Wells Fargo, a gold rush company

Henry Wells

The wealthy investors on the east coast watched the news of gold in California carefully. A booming economy fueled by gold and a flood of emigrants presented incredible opportunities for savvy businessmen. One of whom was Henry Wells, a former freight agent for the Erie Canal who had formed his own company and competed successfully against the US Post Office by carrying mail at less than the government rate. In 1850 Wells joined two of his chief competitors, John Butterfield and William Fargo in the American Express Company. Immediately Wells, as president, and Fargo, as vice-president, pushed for expansion of the company into California but the board of directors balked, fearful that the Adams and Company, already in California, would acquire a monopoly. But on March 18, 1852 they organized Wells, Fargo and Co. with a $300,000 capitalization.

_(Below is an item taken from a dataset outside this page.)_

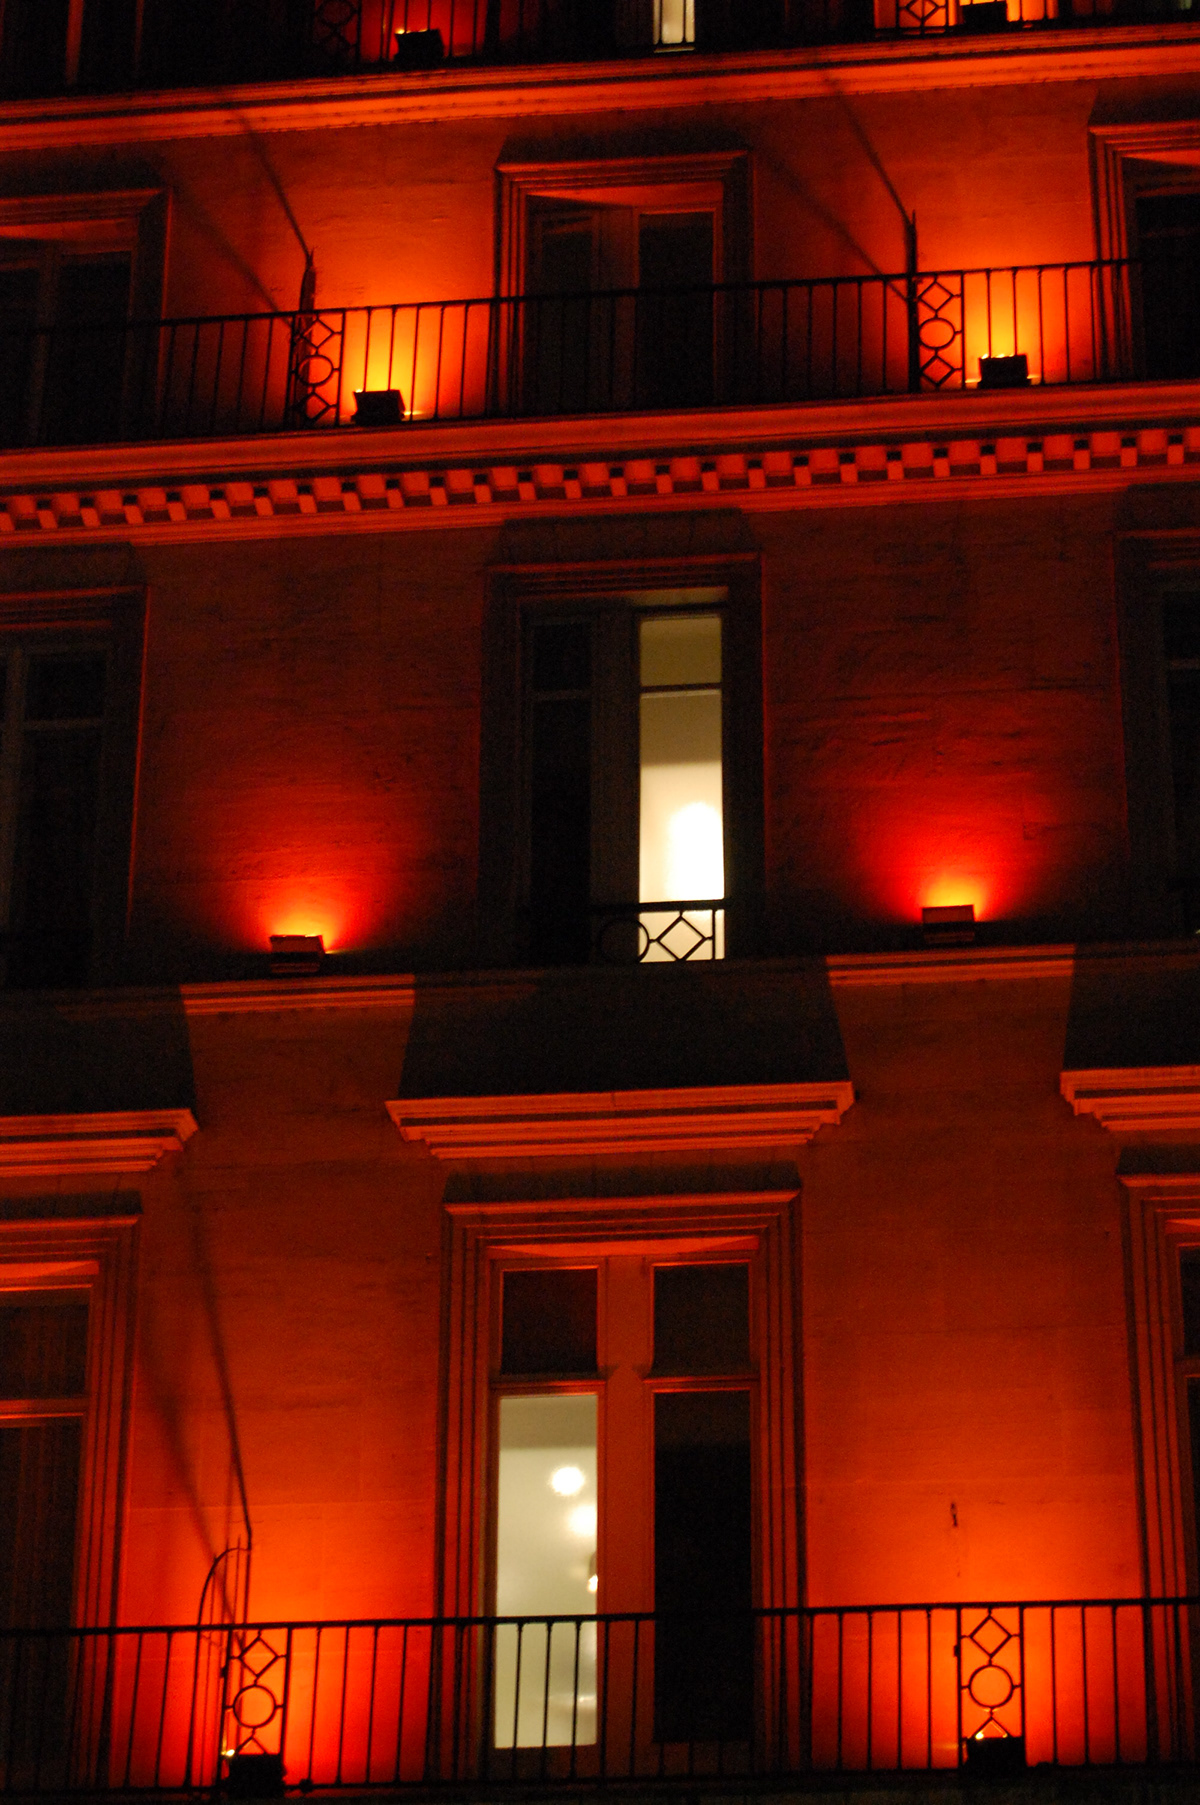 Paris eifel tower lights

American Express Shipping Receipt 1853

Business began on May 20, 1852 with an announcement in the New York Times followed on July 3 with another in San Francisco’s Alta California paper. But by this time in the gold country Wells Fargo faced fierce competition from already established companies in the express business as well as in the banking business. Still, Edwin Morgan, president until November 1853, and his successor, Danford Barney, set up express and banking offices in key gold rush areas where they offered a full range of services including the buying and selling of all forms of gold, and express mail and freight between New York and California. By contracting with existing express companies across California they quickly gained a solid foothold.

William Fargo 1862

Then in 1855 the parent company of Page, Bacon and Co., a San Francisco bank, collapsed, setting off a run on the bank and a general panic that quickly involved the entire financial community and Wells Fargo was forced to close its doors. By the next Tuesday Wells Fargo was able to reopen as one of the few financial institutions left on the west coast. Although it lost about a third of its assets it had survived because it had sufficient cash reserves on hand to meet the crisis. This gave the company a reputation for dependability, and coupled with the loss of so many competitors, Wells Fargo expanded rapidly across the entire west. It started its own stagecoach line and later took over and ran the Overland Mail Company and was deeply involved in the Pony Express.

 

Comments

  1. I really enjoyed the information in this post. The early days of banking in that area are fascinating. I wonder how many starting ‘cities’ had that problem. I know when Colorado Springs started in 1871 they had a bank, but it closed its doors in 1873 at the beginning of the long depression. Fortunately another bank opened at about the same time so the city was able to grow.

    • Actually Wells Fargo started as an express company. They competed with the Adams Express in the beginning but all the big express companies went into banking. They were the ones who hauled the gold in from the mines anyway so why not. There was a run on banks in early san Francisco too. It wound up helping Wells Fargo by getting rid of Adams & Co. I do like your comments, Doris. Thanks.